Он умер, потому что такая смерть его была необходимостью, естественным следствием всей его жизни. Он должен был так умереть, когда всё, поддерживавшее его в жизни, разом рухнуло, рассеялось как призрак, как бесплотная, пустая мечта. Он умер, когда исчезла последняя надежда его, когда в одно мгновение разрешилось перед ним самим и вошло в ясное сознание всё, чем обманывал он себя и поддерживал всю свою жизнь. Истина ослепила его своим нестерпимым блеском, и что было ложь, стало ложью и для него самого. В последний час свой он услышал чудного гения, который рассказал ему его же самого и осудил его навсегда. С последним звуком, слетевшим со струн скрипки гениального С-ца, перед ним разрешилась вся тайна искусства, и гений, вечно юный, могучий и истинный, раздавил его своею истинностью. Казалось, всё, что только в таинственных, неосязаемых мучениях тяготило его во всю жизнь, всё, что до сих пор только грезилось ему и мучило его только в сновидениях, неощутительно, неуловимо, что хотя сказывалось ему по временам, но отчего он с ужасом бежал, заслонясь ложью всей своей жизни, всё, что предчувствовал он, но чего боялся доселе, — всё это вдруг, разом засияло перед ним, открылось глазам его, которые упрямо не хотели признать до сих пор свет за свет, тьму за тьму. Но истина была невыносима для глаз его, прозревших в первый раз во всё, что было, что есть и в то, что ожидает его; она ослепила и сожгла его разум. Она ударила в него вдруг неизбежно, как молния. Совершилось вдруг то, что он ожидал всю жизнь с замиранием и трепетом. Казалось, всю жизнь секира висела над его головой, всю жизнь он ждал каждое мгновение в невыразимых мучениях, что она ударит в него, и — наконец секира ударила! Удар был смертелен. Он хотел бежать от суда над собою, но бежать было некуда: последняя надежда исчезла, последняя отговорка пропала.

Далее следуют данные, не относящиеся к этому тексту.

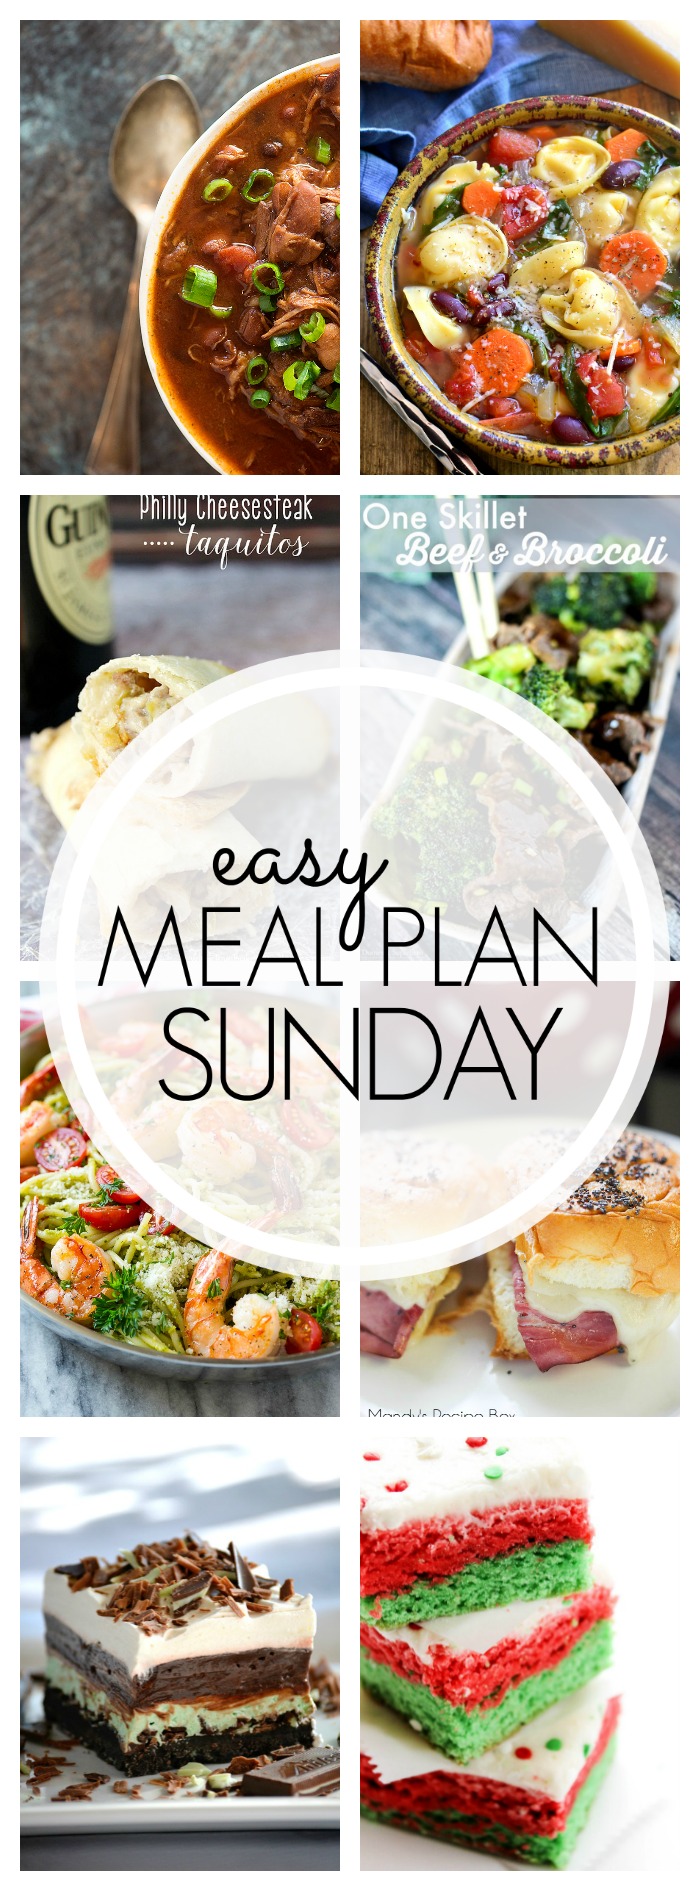 Easy Meal Plan Sunday #77

Та, которой жизнь Тяготела над ним столько лет, которая не давала ему жить, та, со смертию которой, по своему ослепленному верованию, он должен был вдруг, разом воскреснуть, — умерла. Наконец он был один, его не стесняло ничто: он был наконец свободен! В последний раз, в судорожном отчаянии, хотел он судить себя сам, осудить неумолимо и строго, как беспристрастный, бескорыстный судья; но ослабевший смычок его мог только слабо повторить последнюю музыкальную фразу гения… В это мгновение безумие, сторожившее его уже десять лет, неизбежно поразило его.
IV
Я выздоравливала медленно; но когда уже совсем встала с постели, ум мой всё еще был в каком-то оцепенении, и долгое время я не могла понять, что именно случилось со мною. Были мгновения, когда мне казалось, что я вижу сон, и, помню, мне хотелось, чтобы всё случившееся и впрямь обратилось в сон! Засыпая на ночь, я надеялась, что вдруг как-нибудь проснусь опять в нашей бедной комнате и увижу отца и мать… Но наконец передо мной прояснело мое положение, и я мало-помалу поняла, что осталась одна совершенно и живу у чужих людей. Тогда в первый раз почувствовала я, что я сирота.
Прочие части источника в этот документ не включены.